Сегодня Наташа особенно плохо ела, капризничала, шалила и играла кашей, но Катерина ласково и терпеливо кормила ее. Николай думал: Анна не допускала подобных проказ в своем присутствии и велела наказывать девочку, если не розгами, то лишением сладкого или еды вовсе. Катерина же совсем не злилась, а даже жалела Наташу, каждый раз серьезно расспрашивая ее о причине капризов, которые, как ни странно, всегда находились.
Николаю стало интересно, как прошло детство Катерины, в чем кроется секрет, что она, крестьянская девушка, настолько близка ему, дворянскому потомку?
– Скажи, тебя в детстве секли за шалости?
Катерина задумалась:
– Мать говорила, что раз высекла меня за что-то, но я так плакала – не могли успокоить. Мать испугалась и больше меня не трогала. А за остальными детьми я сама ходила. Матери некогда было не то что пороть – накормить даже. Все время за работой.
Он усмехнулся. Сложно было представить ее маленькой зареванной девочкой.
– Любишь детей?
– Очень! Они как птички, ангелы безгрешные, «ибо таковых есть Царствие Божие». А вас, барин? Секли?
– О, конечно! Еще как – в каждой комнате в углу розги стояли.

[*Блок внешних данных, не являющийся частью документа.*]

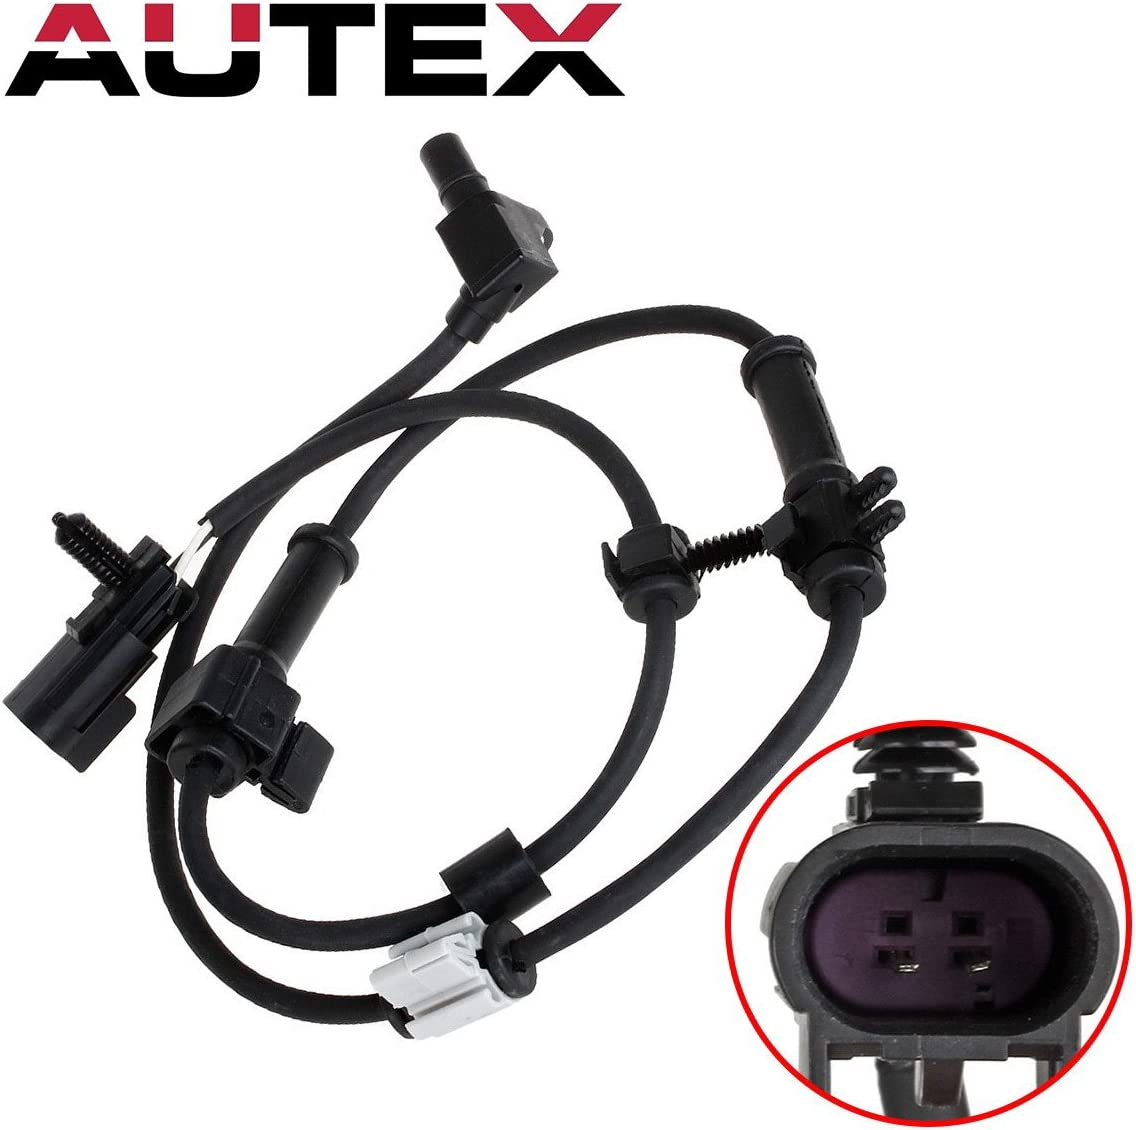 Front ABS Wheel Speed Sensor 5S7978 For 02-06 Chevrolet Trailblazer EXT 4.2 5.3L

– Да вы шутите! – растерялась Катерина.
– Говорю тебе – да, – подзадоривал Николай.
– Не может быть!
Мимо столовой, толком не проснувшись, брела Анна. Все утро противно мутило, она долго не могла заставить себя встать с постели, но, услышав детский смех, вдруг захотела обнять свою Наташу, приголубить. Анна чувствовала, что виновата перед дочерью: совсем редко ее видит, мало отдает любви и ласки, тяготится. Поддавшись внезапному порыву и заранее гордясь собой, тем, что она, больная, жертвует собой и идет забавлять Наташу, Анна приоткрыла дверь в столовую, ожидая, как обрадуется ей девочка. Но увидела, что дочь беззаботно смеется, счастлива, нянька ее кормит, а Николай, совершенно непохожий на себя, обычно молчаливого и серьезного, корчит смешные рожи.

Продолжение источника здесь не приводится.